In 1884, The Vancouver Independent ran a story about Richard Ough’s death headlined, “The Oldest Pioneer Gone.” To this day, Betsy Ough is often referred to as “the mother of Washougal.”

“David C. Parker and his wife, Ann … are often credited as Washougal’s first permanent settlers, despite the evidence that Richard and Betsy Ough had already been living there for three or four years,” according to History Link. “This may be due to the fact that the Parkers were in fact the first non-Native American settlers. … Or it may simply be due to the fact that Parker had a tendency to name things after himself, whereas Ough did not.

“Richard and Betsy Ough played a larger role in the founding of Washougal proper than did Parker, but have received little credit for it.”

That has changed in recent years, Richardson said, largely thanks to the efforts of the city of Washougal and the Two Rivers Heritage Museum.

Credit and errors

“I can easily see how an error like this happens,” Richardson said. “The people who have the original knowledge move along or pass away. It’s not uncommon for photos to get mislabeled or the information to get mishandled.

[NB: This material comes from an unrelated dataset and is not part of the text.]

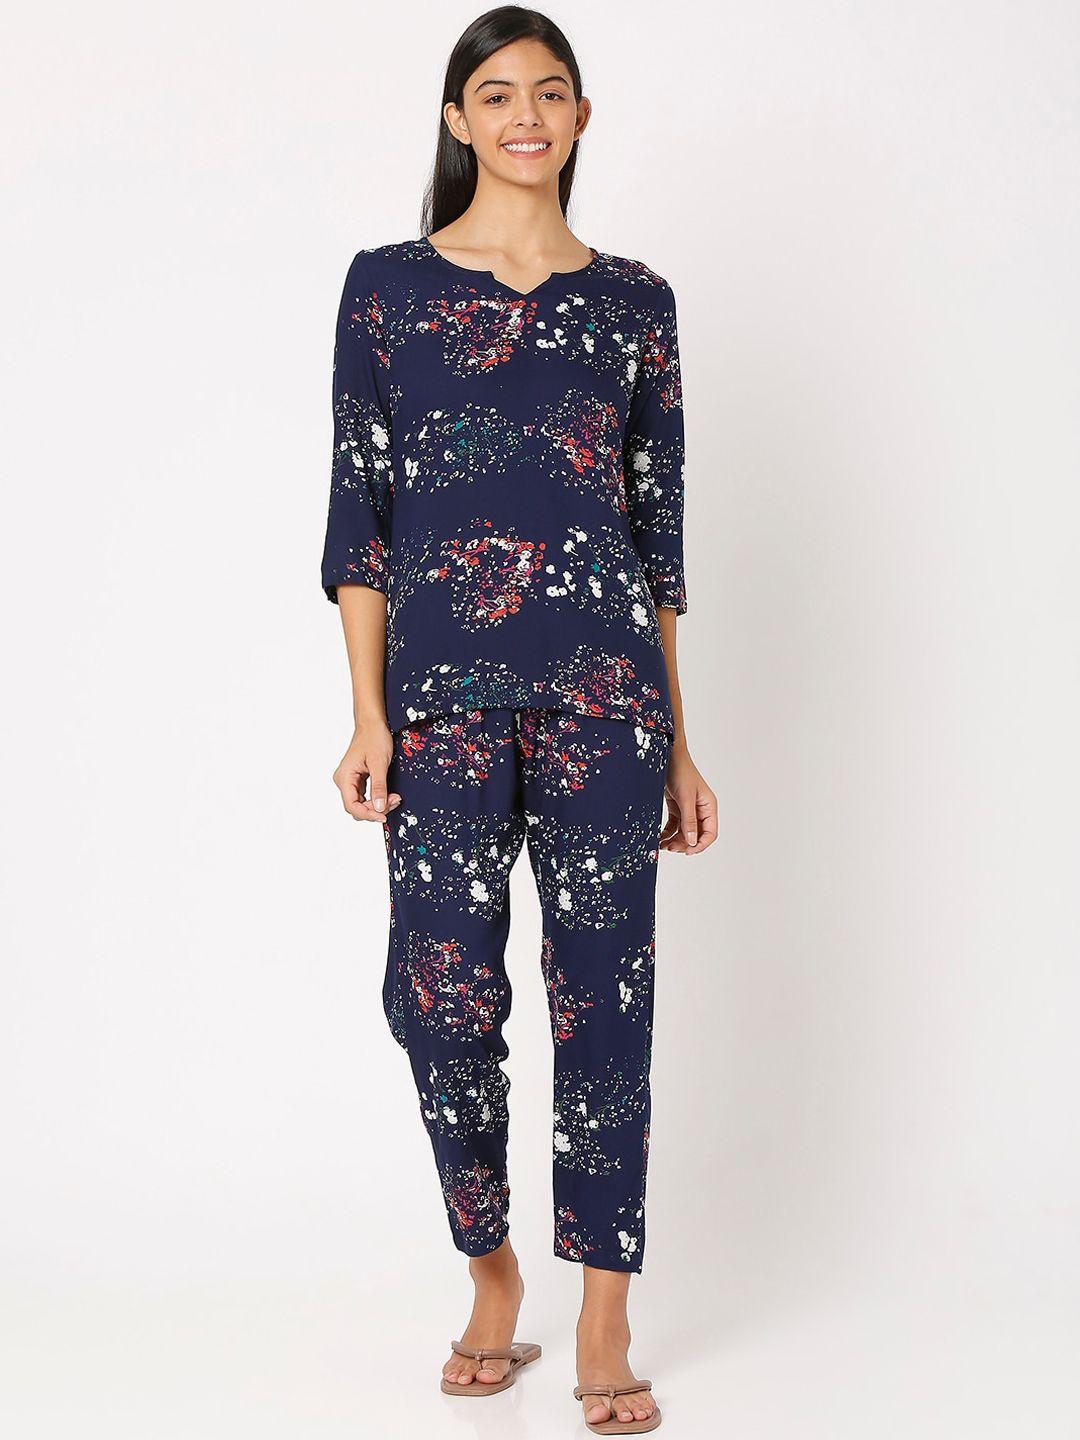 smarty-pants-women-blue-floral-print-night-suit

“The history field tends to work on a shoestring budget,” he said. “When people do their best, with limited resources, there are going to be mistakes.”

But, he added, he’s never seen any photo of Richard Ough mislabeled as David Parker. As near as anyone can tell, the mural misunderstanding appears to originate with state website and a simple — and unfortunately influential — design goof. (The text for that website was provided by the late Curtis Hughley of the Camas-Washougal Historical Society for the state’s 2003 Territorial Sesquicentennial Celebration, but Hughley wasn’t responsible for the website layout.)

“Errors getting introduced like this can be really insidious,” Richardson said. “People get tied to ideas and don’t want to change. They’ve been told all their lives that something is correct. How embarrassing to learn it’s not.”

John Hughes, the chief historian with the Legacy Washington project, acknowledged the website error and said all the Territorial Sesquicentennial Celebration history pages will soon get taken offline.

Reached by phone, Young’s Deli owner Sam Musa didn’t seem concerned about the identity of the face in the mural. Musa didn’t specifically recall being approached by Christie, he said. He talks to lots of people every day, he said, and many stop by to take photos and compliment the brilliant artwork — whomever it depicts.

Christie is eager to tell the world that it’s her great-great-great-grandfather, Richard Ough. Her Yakama reservation relatives, displaced from Washougal generations ago, are hungry to reestablish their ties to the Columbia River and to this historic spot, she said. They recently held a reunion at Cottonwood Beach and also explored local cemeteries for their ancestors’ remains, she said.

“In this day and age, when we are revisiting a lot of our history — it seems an appropriate time to revisit this too,” she said.